Inhibitory circuits for visual processing in thalamus

Xin Wang 1, Friedrich T Sommer 2, Judith A Hirsch 3
PMCID: PMC3767471  NIHMSID: NIHMS305148  PMID: 21752634

Abstract

Synapses made by local interneurons dominate the intrinsic circuitry of the mammalian visual thalamus and influence all signals traveling from the eye to cortex. Here we draw on physiological and computational analyses of receptive fields in the cat's lateral geniculate nucleus to describe how inhibition helps to enhance selectivity for stimulus features in space and time and to improve the efficiency of the neural code.

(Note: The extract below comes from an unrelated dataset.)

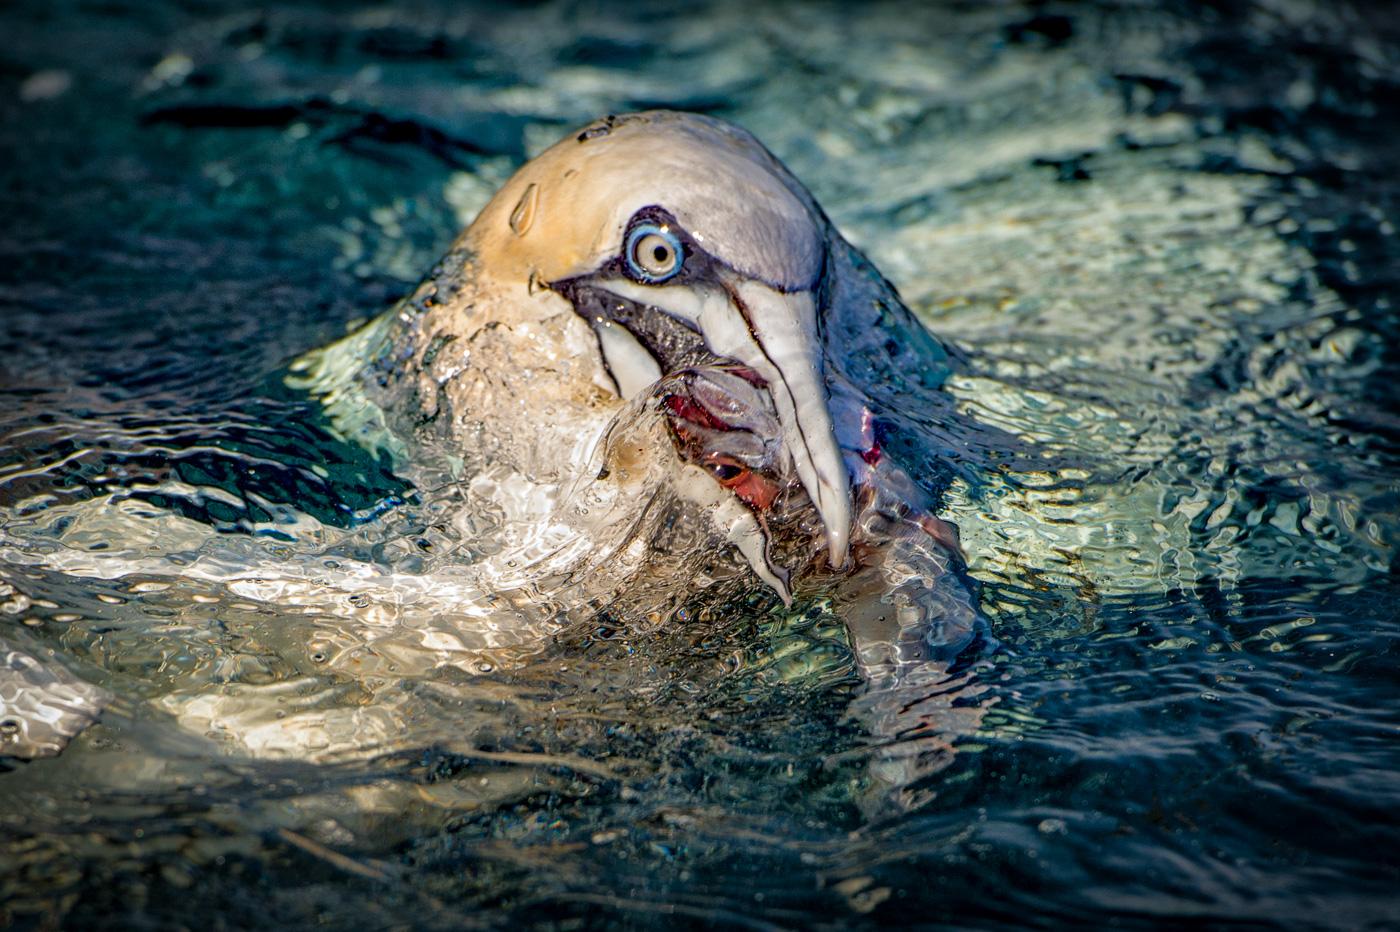 gannet hunt fish mackerel ireland

Further, we explore specialized synaptic attributes of relay cells and interneurons and discuss how these might be adapted to preserve the temporal precision of retinal spike trains and thereby maximize the rate of information transmitted downstream.

Introduction

Spikes travelling from retina to the thalamus excite both relay cells, which project to cortex, and local inhibitory interneurons at the same time. Even though relay cells in the lateral geniculate nucleus outnumber interneurons three to one [1], they are only sparsely interconnected [2*]. By contrast, interneurons densely innervate relay cells and each other [3-7]. Further, relay cells send collaterals to the overlying thalamic reticular nucleus, a sheet of inhibitory cells that project to the geniculate in return [2*,8-10]. Hence all retinal information transmitted to cortex is influenced by a feedforward and a feedback inhibitory pathway [11]. Here we focus on the role of thalamic inhibition in different aspects of visual processing as well as the structure and synaptic physiology of local inhibitory circuits. For accounts of thalamic inhibition in sleep see [12] and in development [13,14].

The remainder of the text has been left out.